CarpetLib internal error with PreSync and analysis thorns

Issue #2639 new
Samuel Cupp created an issue

I’ve found a strange error involving variables from analysis thorns with multiple timelevels (such as WeylScal4 and ML_ADMConstraints). The error is

WARNING level 0 from host r1i6n25.ib0.sawtooth.inl.gov process 0
  in thorn CarpetLib, file /home/cuppsamu/toolkit/Cactus/arrangements/Carpet/CarpetLib/src/gdata.cc:315:
  -> Internal error: extrapolation in time.  variable=ML_ADMCONSTRAINTS::H  time=0.040625000000000001  times=[0.018749999999999999,0,-0.018749999999999999]
cactus_intel19: /home/cuppsamu/toolkit/Cactus/arrangements/Carpet/Carpet/src/helpers.cc:275: int Carpet::Abort(const _cGH *, int): Assertion `0' failed.
Rank 0 with PID 185127 received signal 6

This error comes from repos/carpet/CarpetLib/src/gdata.cc:

void gdata::find_source_timelevel(vector<CCTK_REAL> const &times,
                                  CCTK_REAL const time, int const order_time,
                                  operator_type const op, int &timelevel0,
                                  int &ntimelevels) const {
  // Ensure that the times are consistent
  assert(times.size() > 0);
  assert(order_time >= 0);

  CCTK_REAL const eps = 1.0e-12;
  CCTK_REAL const min_time = *min_element(times.begin(), times.end());
  CCTK_REAL const max_time = *max_element(times.begin(), times.end());
  // TODO: Use a real delta-time from somewhere instead of 1.0
  CCTK_REAL const some_time = std::fabs(min_time) + std::fabs(max_time) + 1.0;
  if (op != op_copy) {
    if (time < min_time - eps * some_time or
        time > max_time + eps * some_time) {
      ostringstream buf;
      buf << setprecision(17) << "Internal error: extrapolation in time.";
      if (varindex >= 0) {
        char *const fullname = CCTK_FullName(varindex);
        buf << "  variable=" << fullname;
        ::free(fullname);
      }
      buf << "  time=" << time << "  times=" << times;
      CCTK_ERROR(buf.str().c_str());
    }
  }

I attached the backtrace, as well as the thornlist and parfile I am using.
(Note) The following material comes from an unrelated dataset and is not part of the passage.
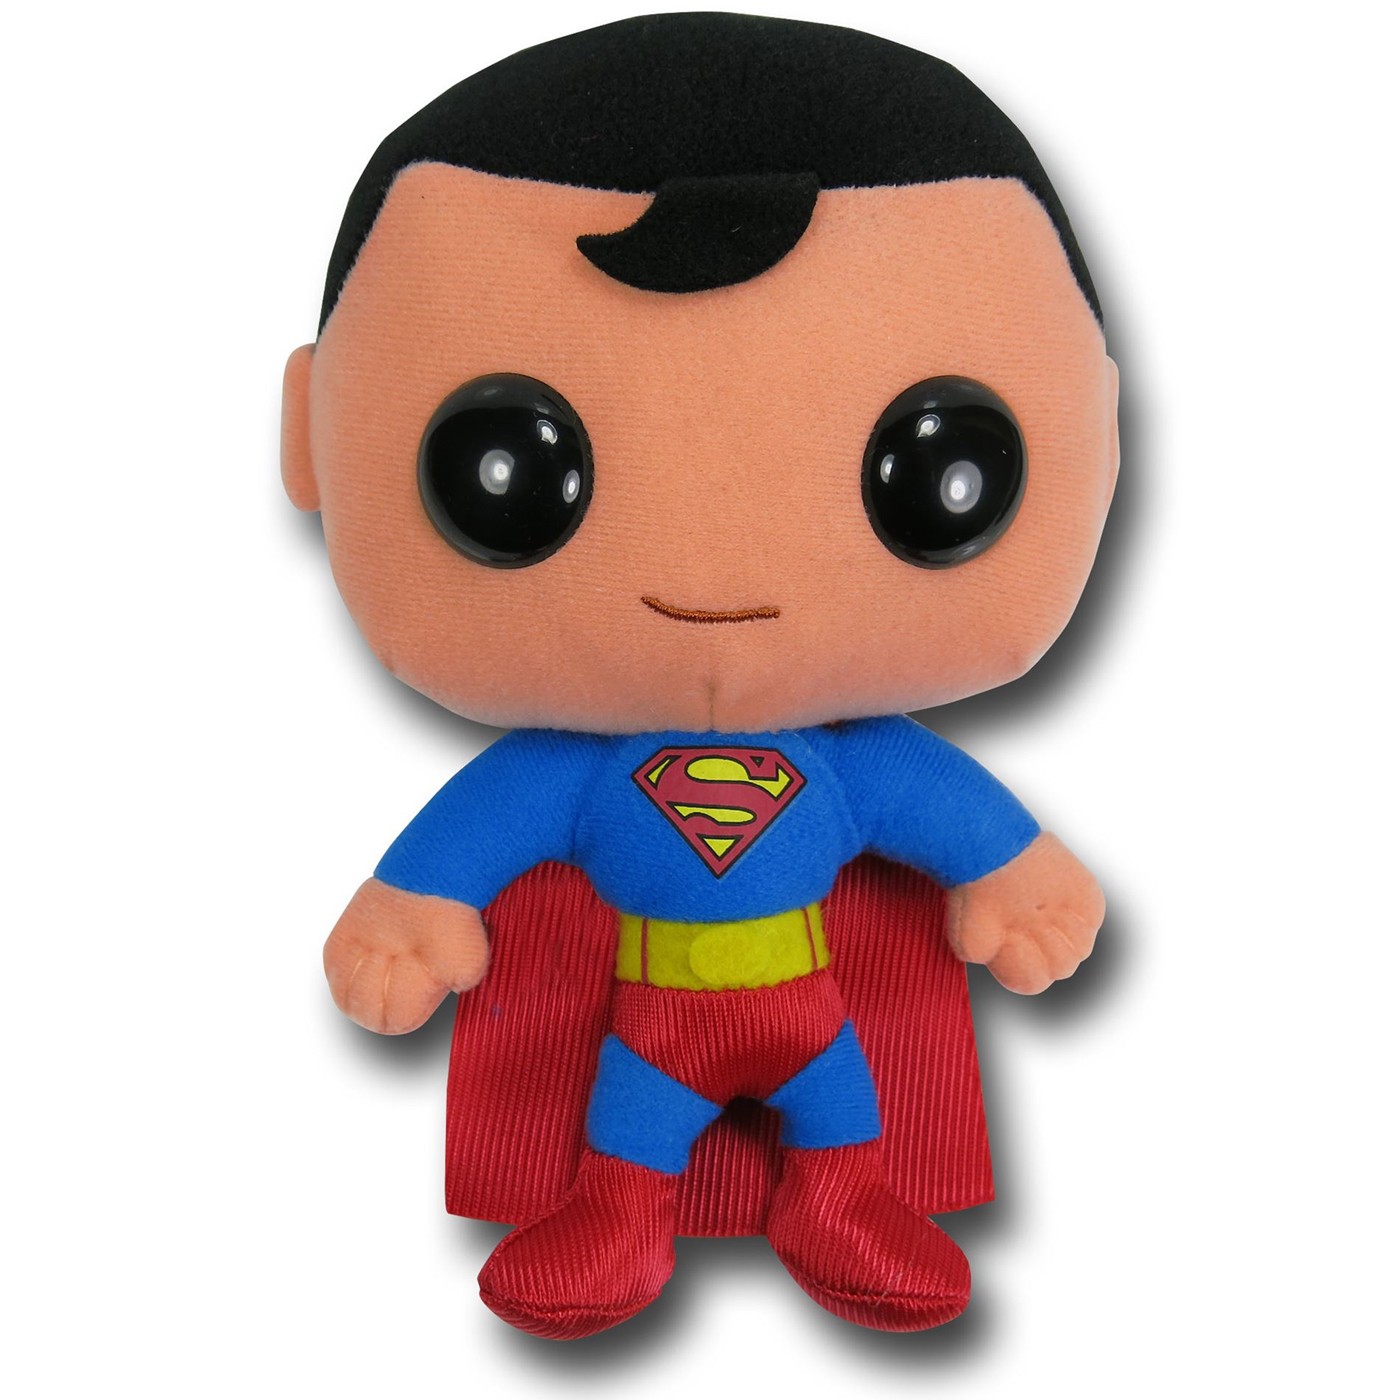 Superman DC Universe Plush Toy

If I comment out ML_ADMConstraints, I get the same error for WeylScal4. If I also comment out WeylScal4, the simulation proceeds until I hit an error related to the read/writes I’m working on. Since this is happening in CycleTimeLevels → SyncProlongateGroups, it should be related to how we’re handling the timelevels for these variables. Even though these are analysis variables, my understanding of why they need multiple timelevels is because the IO thorns may try to output at an iteration where the coarsest level isn’t available, so it has to interpolate in time to get the values. However, these variables are only for analysis and are therefore only ever written except for IO. Since the error only happens if I turn on PreSync (Cactus::presync_mode = "mixed-error"), I am thinking this could somehow connect to how we’re handling the automation of ghost zones/outer boundaries (no syncs automatically triggered since there’s no READs for these variables), but I don’t have a clear picture of how that could affect this.
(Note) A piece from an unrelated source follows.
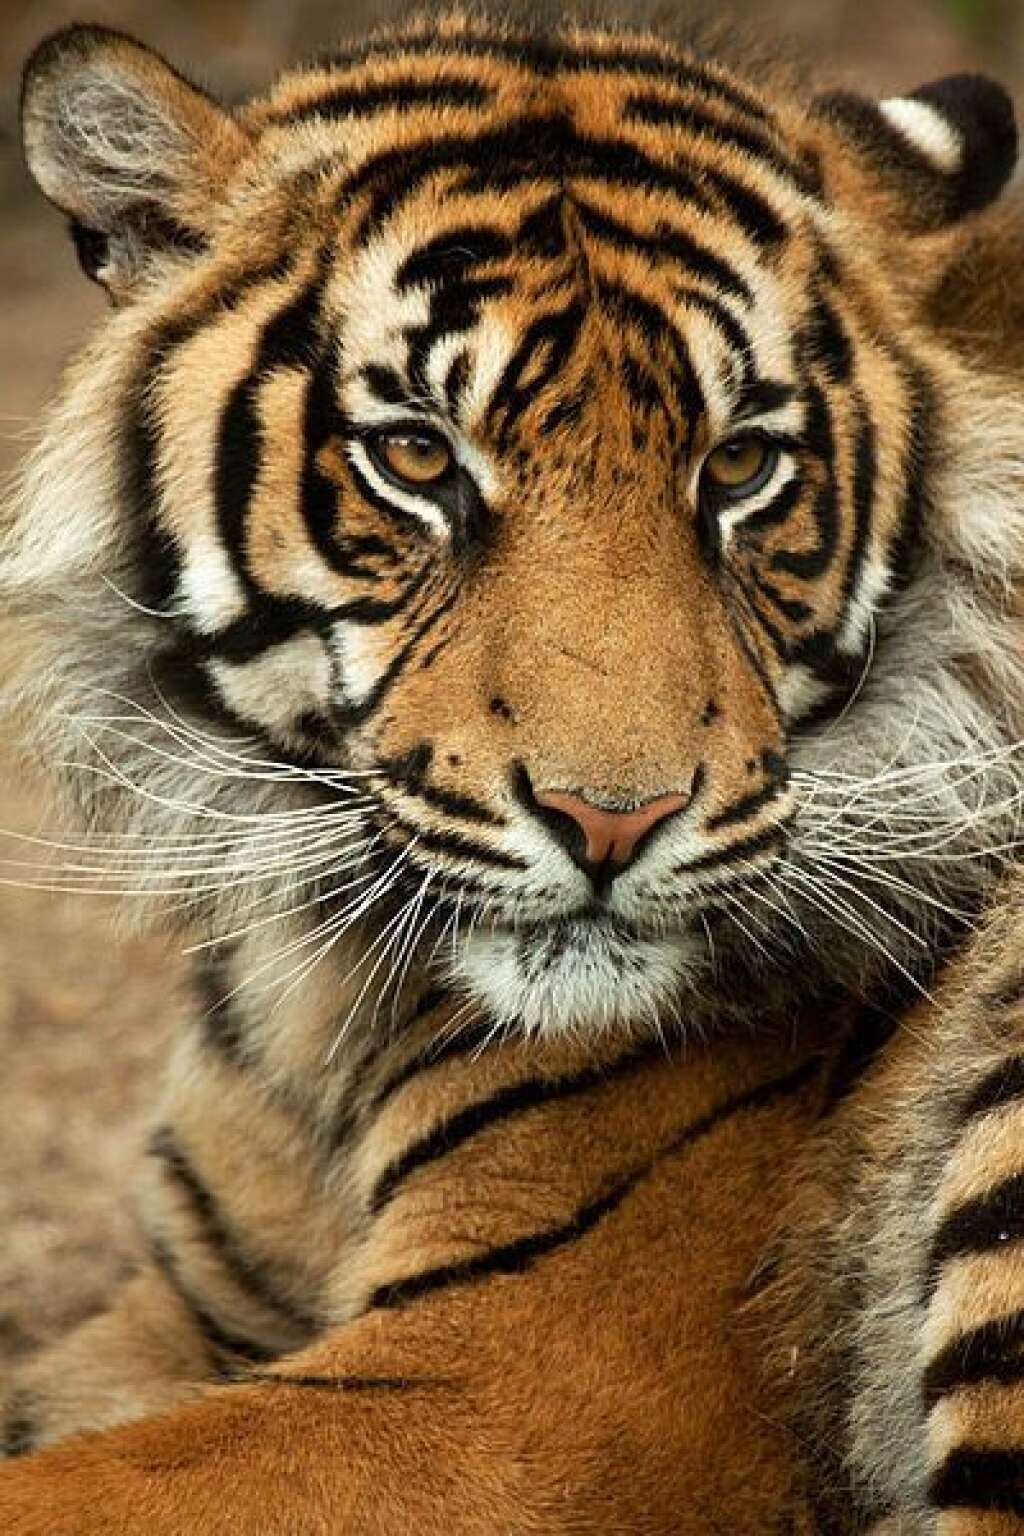 Le tigre de Sumatra - Le tigre de Sumatra est certainement le plus représentatif du danger d'extinction qui menace ces gros félins. Une population en déclin, un nombre d'individus très faible (moins de 700) : voilà un exemple concret de la fragilité des carnivores, qui sont les premiers témoins visibles de la dégradation des espace naturels.

More confusingly, if I just add ML_ADMConstraints to magnetizedTOV-Baikal.par in Baikal, it doesn’t error out. I don’t have a guess for what is causing the behavior, or what triggers it in this parfile.

Comments (12)

  1. Roland Haas

    IO triggers a SYNC so if things are output it will SYNC. Also, there’s a forced SYNC before time level cycling.

  2. Samuel Cupp reporter

    That's what I thought, which is why I don't have any good guesses as to the source of the problem. Do you have suggestions for what I should look at Monday for this?

  3. Steven R. Brandt

    One thing I sometimes try when nothing is making sense is to run the code through valgrind.

  4. Samuel Cupp reporter

    I’ve made some progress in tracking down the source of this error. The if(time within times min/max) statement tracks back to checking if

    const CCTK_REAL time = cctkGH->cctk_time          (carpet/Carpet/src/Comm.cc:253)
    

    is inside

    times.AT(i) = t.get_time(ml2, rl2, tl2s.AT(i))    (carpet/CarpetLib/src/ggf.cc:540)
    

    which has the length of

    tl2s: tl2s.resize(prolongation_order_time + 1)    (carpet/CarpetLib/src/ggf.cc:379)
    

    In this parfile, the first several reflevels are not subcycling, so they should all step at the same iterations. I’m printing out a lot of stuff since its inside these functions, so the first times I’m seeing for reflevel 0 are 0.15, and 0.3 (presumably its also running at the rk4 half-step, which is why i’m getting two times for each iteration on a single level). If I run it with PreSync off, I see these same times appear for all the ones moving in lockstep, and it then goes into smaller time discretizations once it reaches the subcycled reflevels.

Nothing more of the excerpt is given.